• [INFORMATION SHOWN]
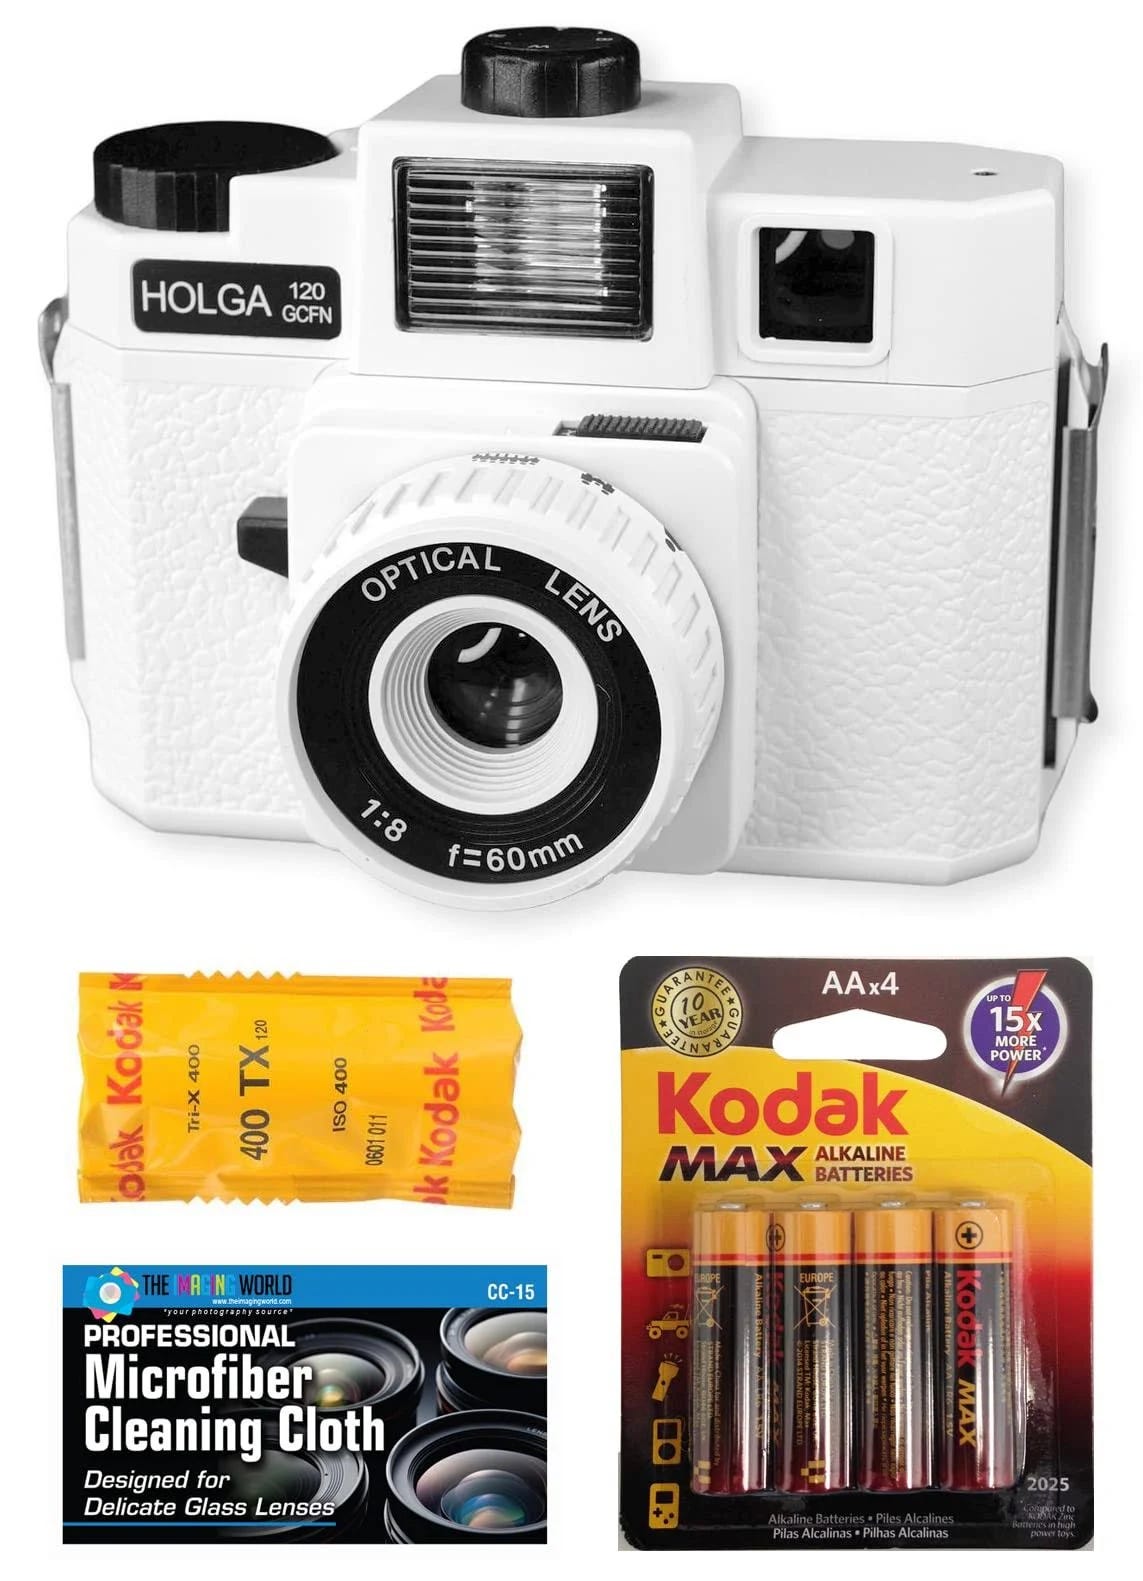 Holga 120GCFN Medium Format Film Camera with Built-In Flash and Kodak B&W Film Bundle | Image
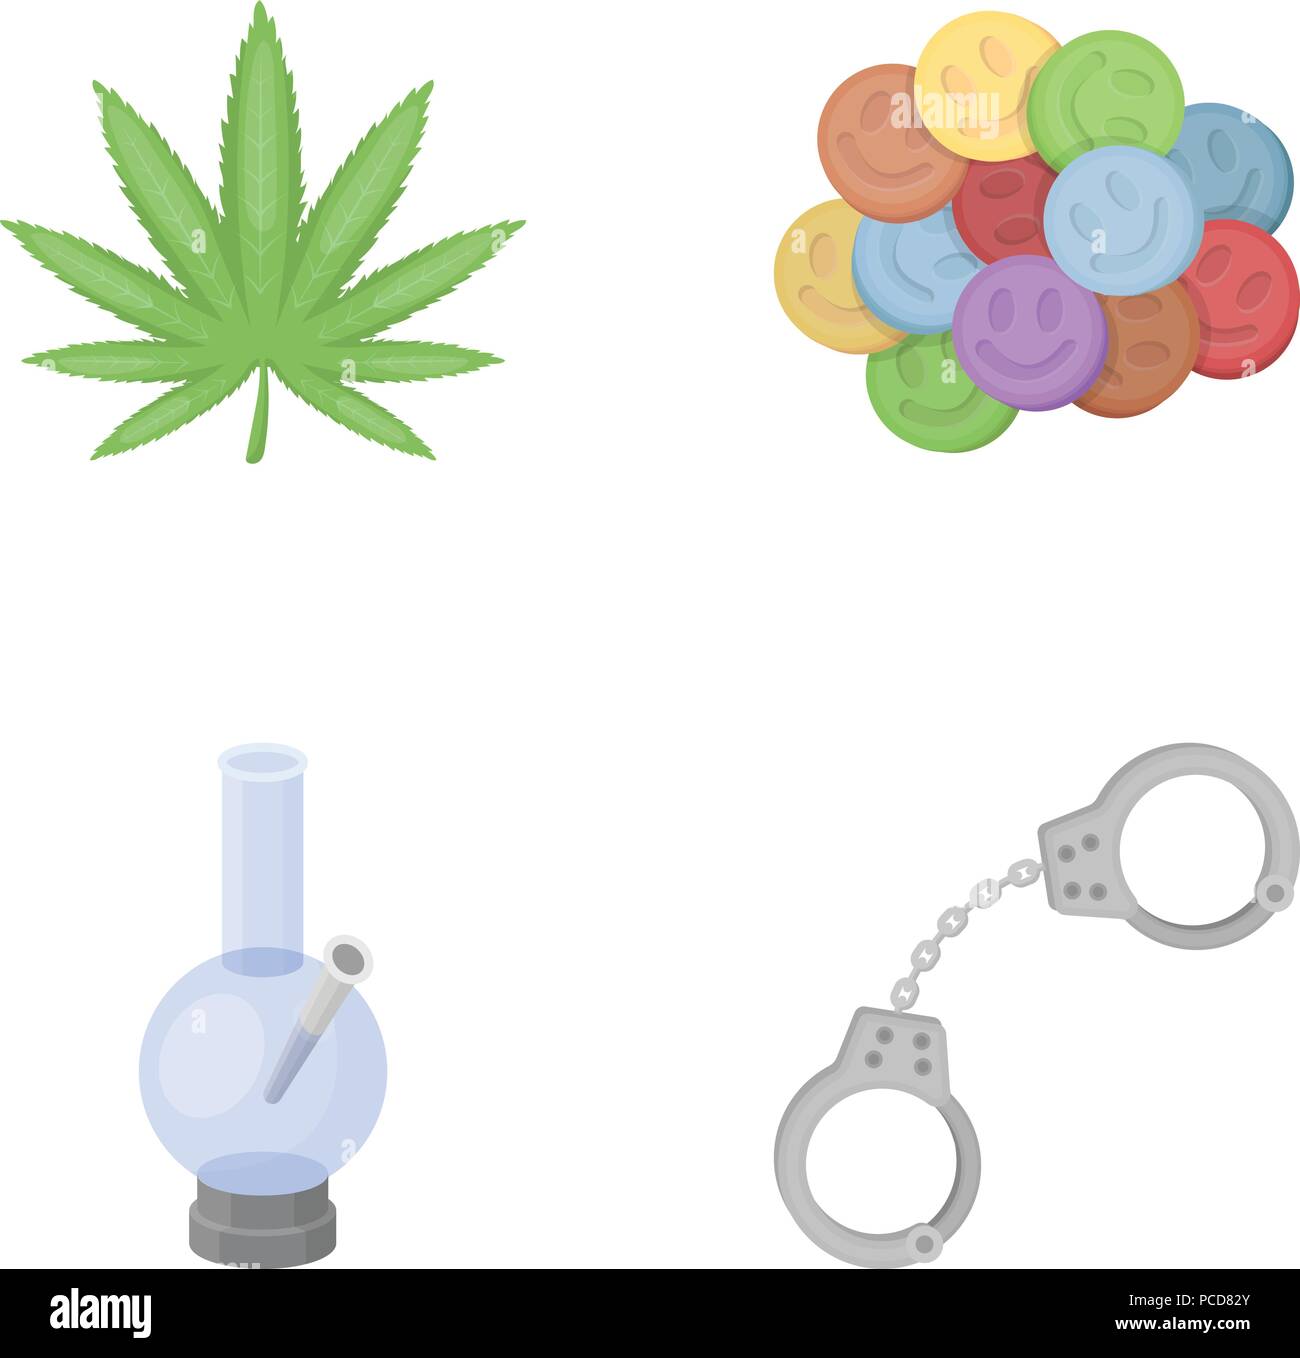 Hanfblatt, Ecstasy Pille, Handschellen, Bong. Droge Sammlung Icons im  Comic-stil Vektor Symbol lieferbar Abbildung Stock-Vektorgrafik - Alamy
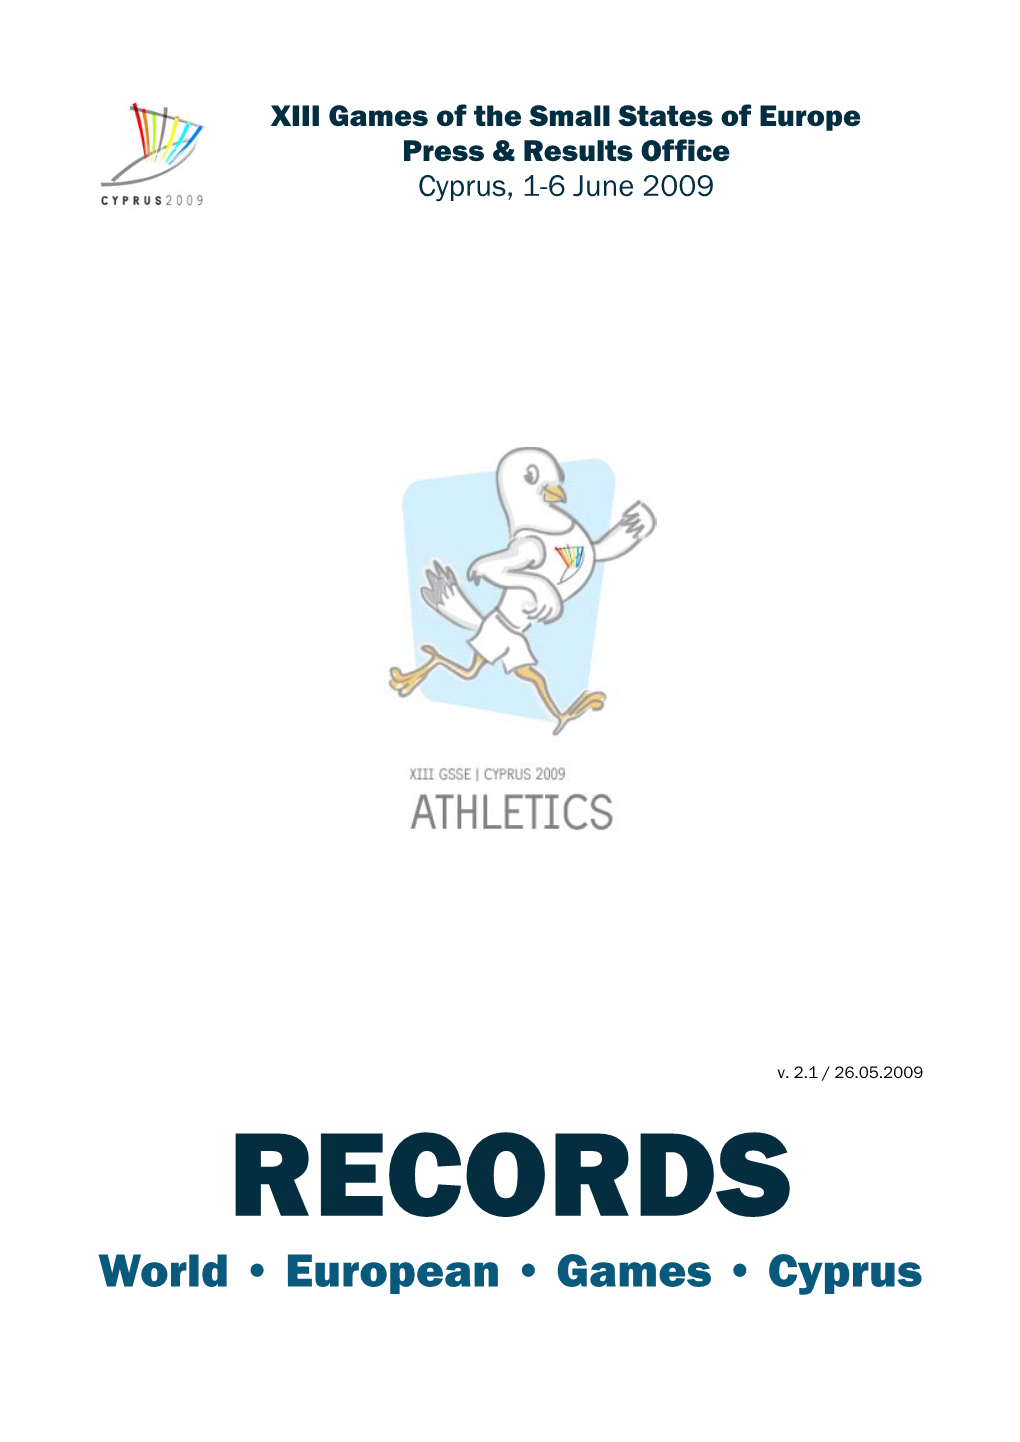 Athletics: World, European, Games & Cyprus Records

• [TO DO] From the line containing "Hanfblatt, Ecstasy Pille, Handschellen, Bong." through the final line of the listing, copy every line exactly and nothing else. Skip the pictures.

• [EXERCISE SOLUTION]
 Hanfblatt, Ecstasy Pille, Handschellen, Bong. Droge Sammlung Icons im  Comic-stil Vektor Symbol lieferbar Abbildung Stock-Vektorgrafik - Alamy
 Athletics: World, European, Games & Cyprus Records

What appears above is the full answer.